[Data shown]

Content starts

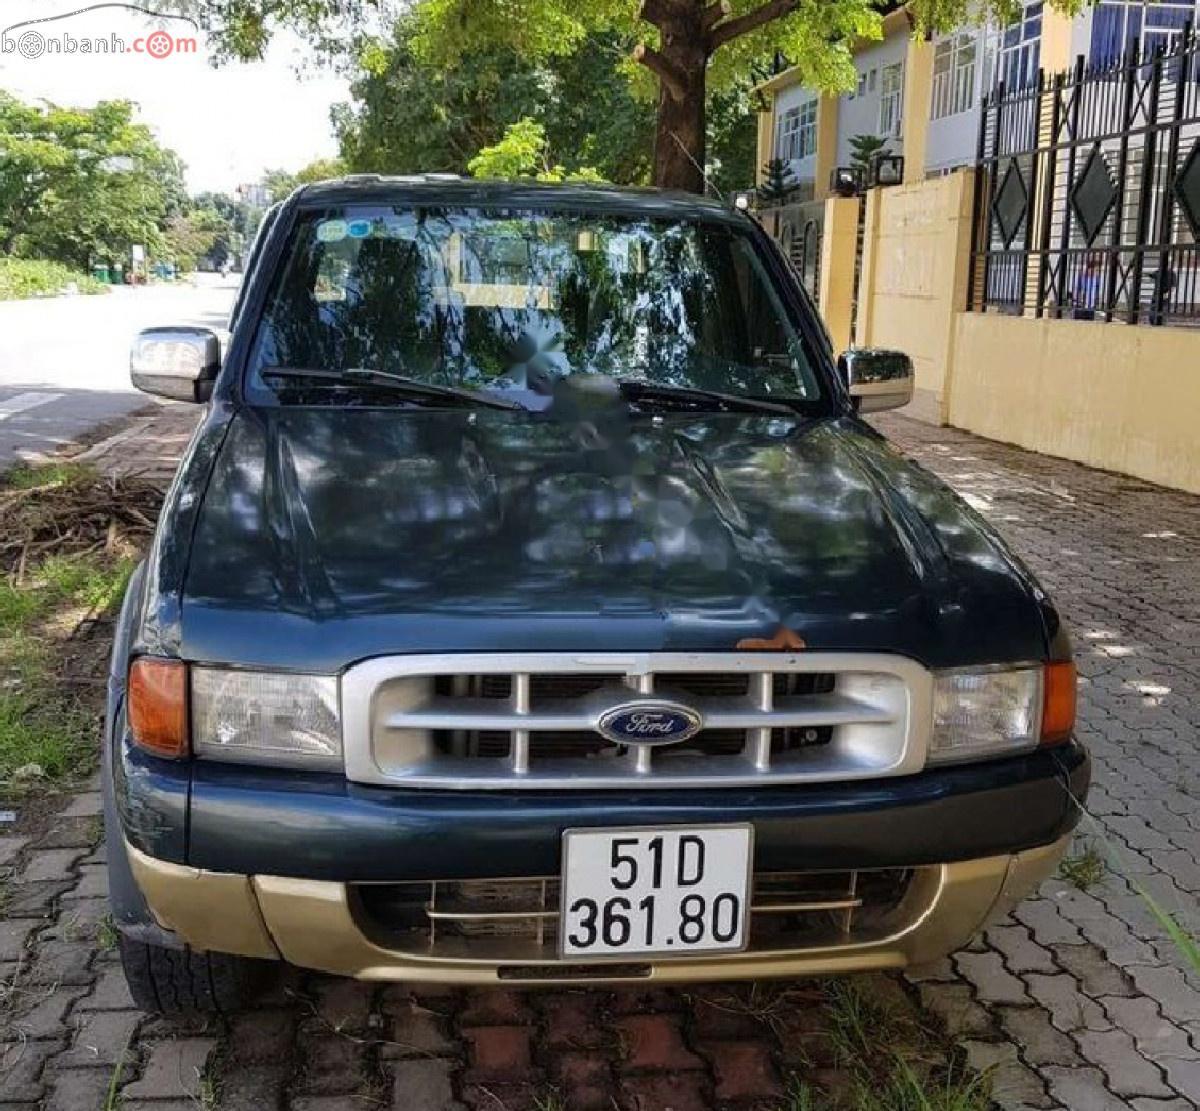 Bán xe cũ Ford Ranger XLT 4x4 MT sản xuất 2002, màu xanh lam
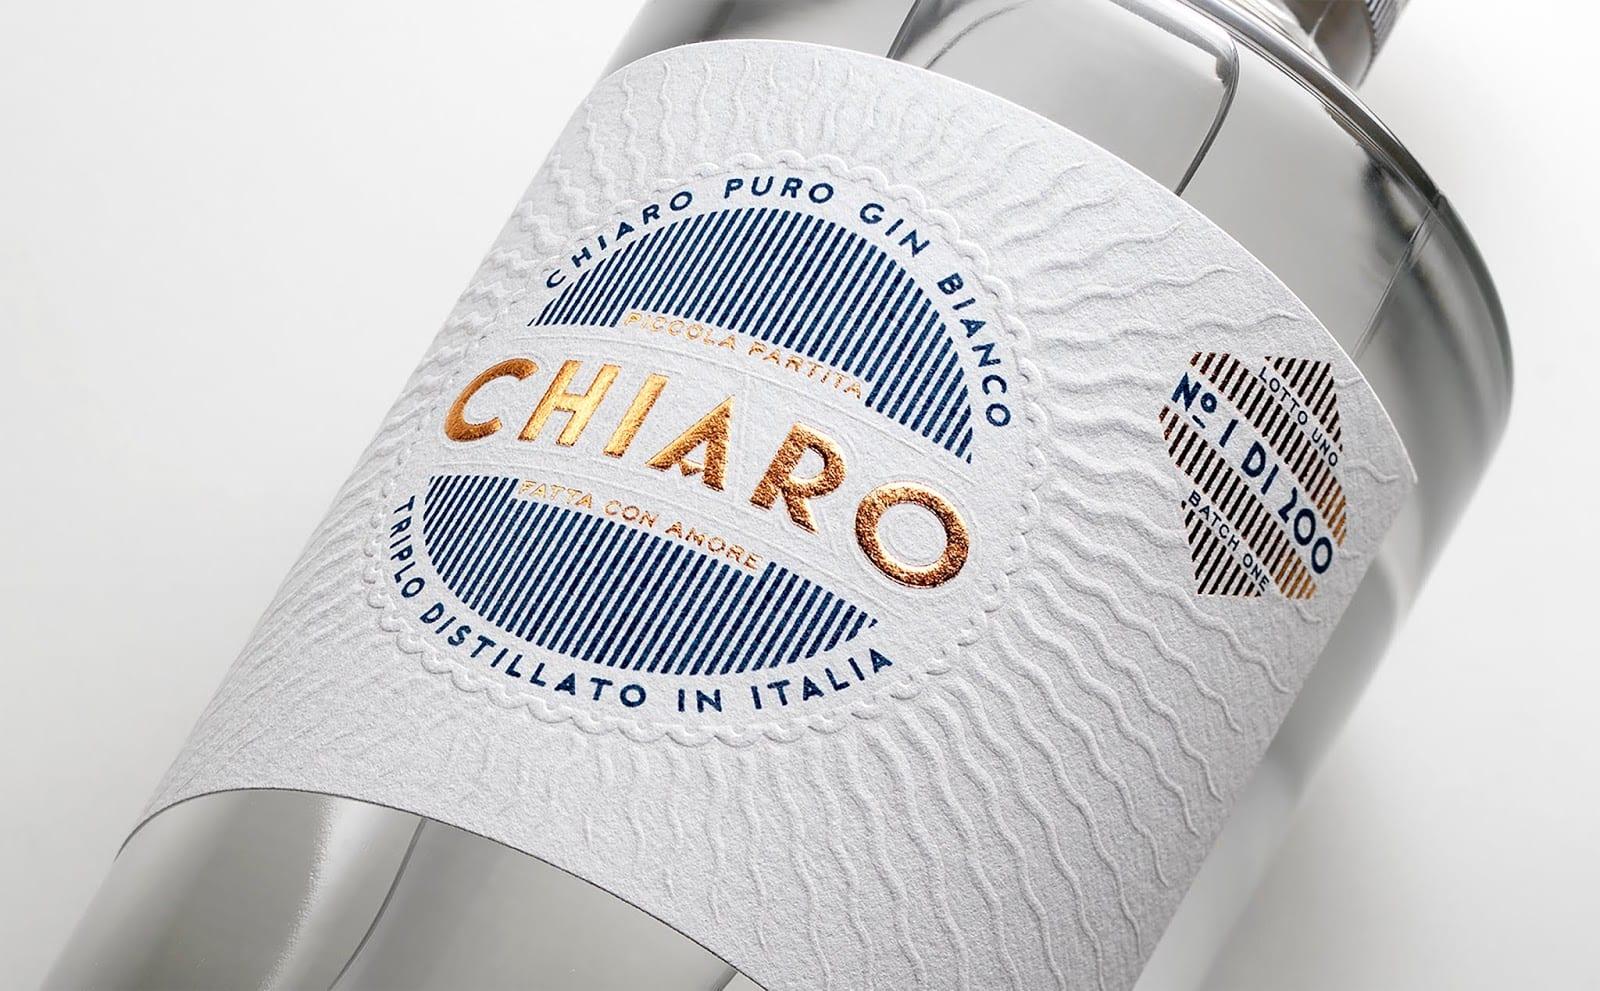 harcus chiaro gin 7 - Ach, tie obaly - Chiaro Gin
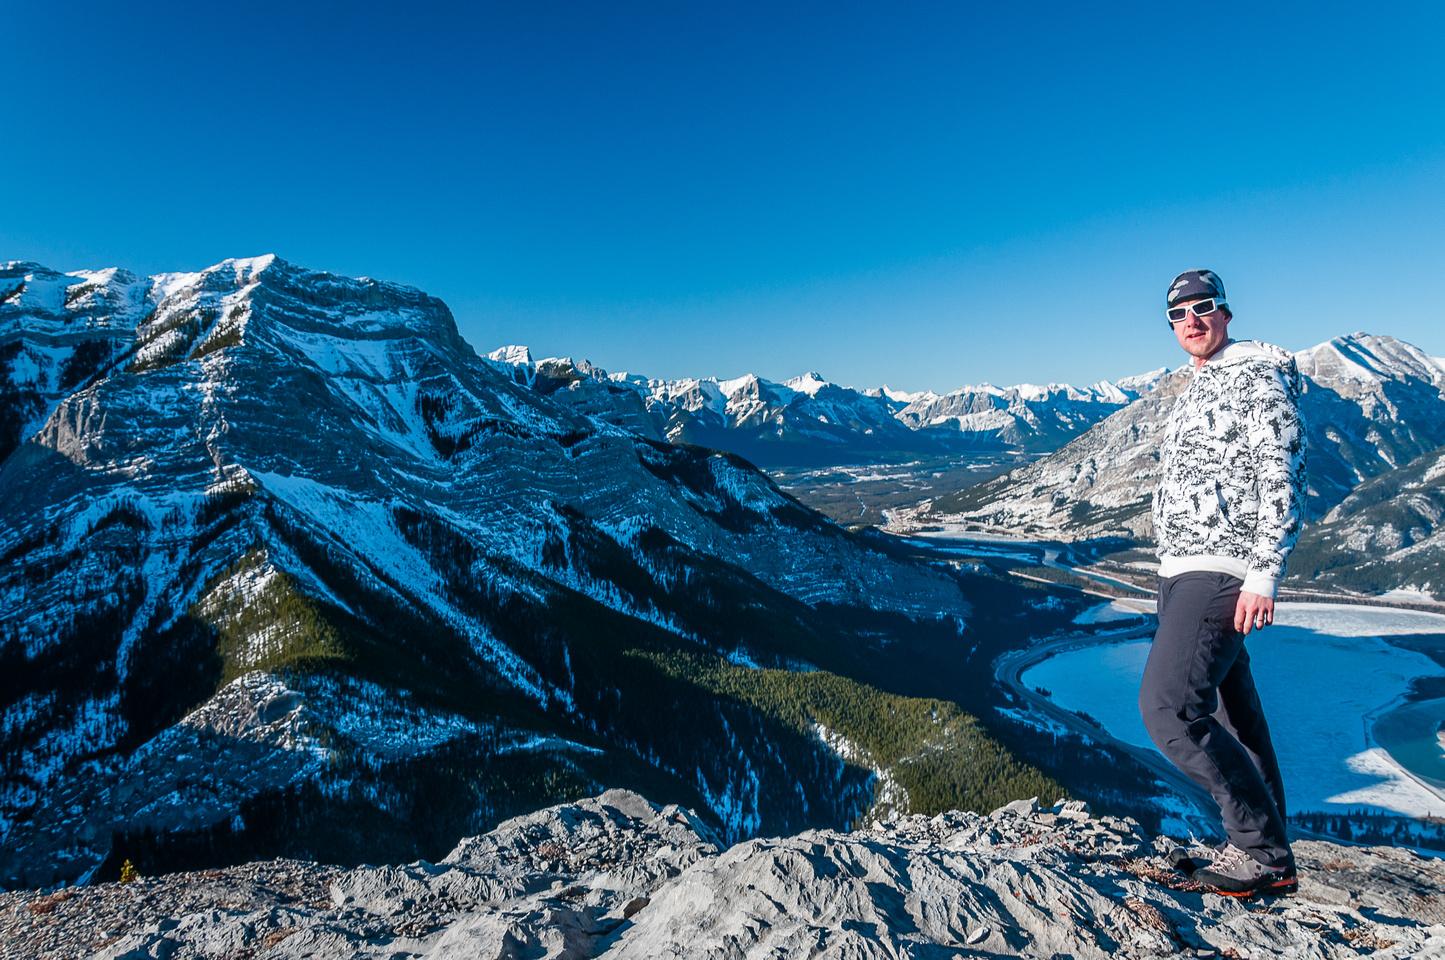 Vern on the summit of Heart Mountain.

Content ends

[What to work on]
Restate word for word only the lines from the one with "harcus chiaro gin" through the last line of the material, both included. Any picture should be left out.

[Solution to the problem]
 harcus chiaro gin 7 - Ach, tie obaly - Chiaro Gin
 Vern on the summit of Heart Mountain.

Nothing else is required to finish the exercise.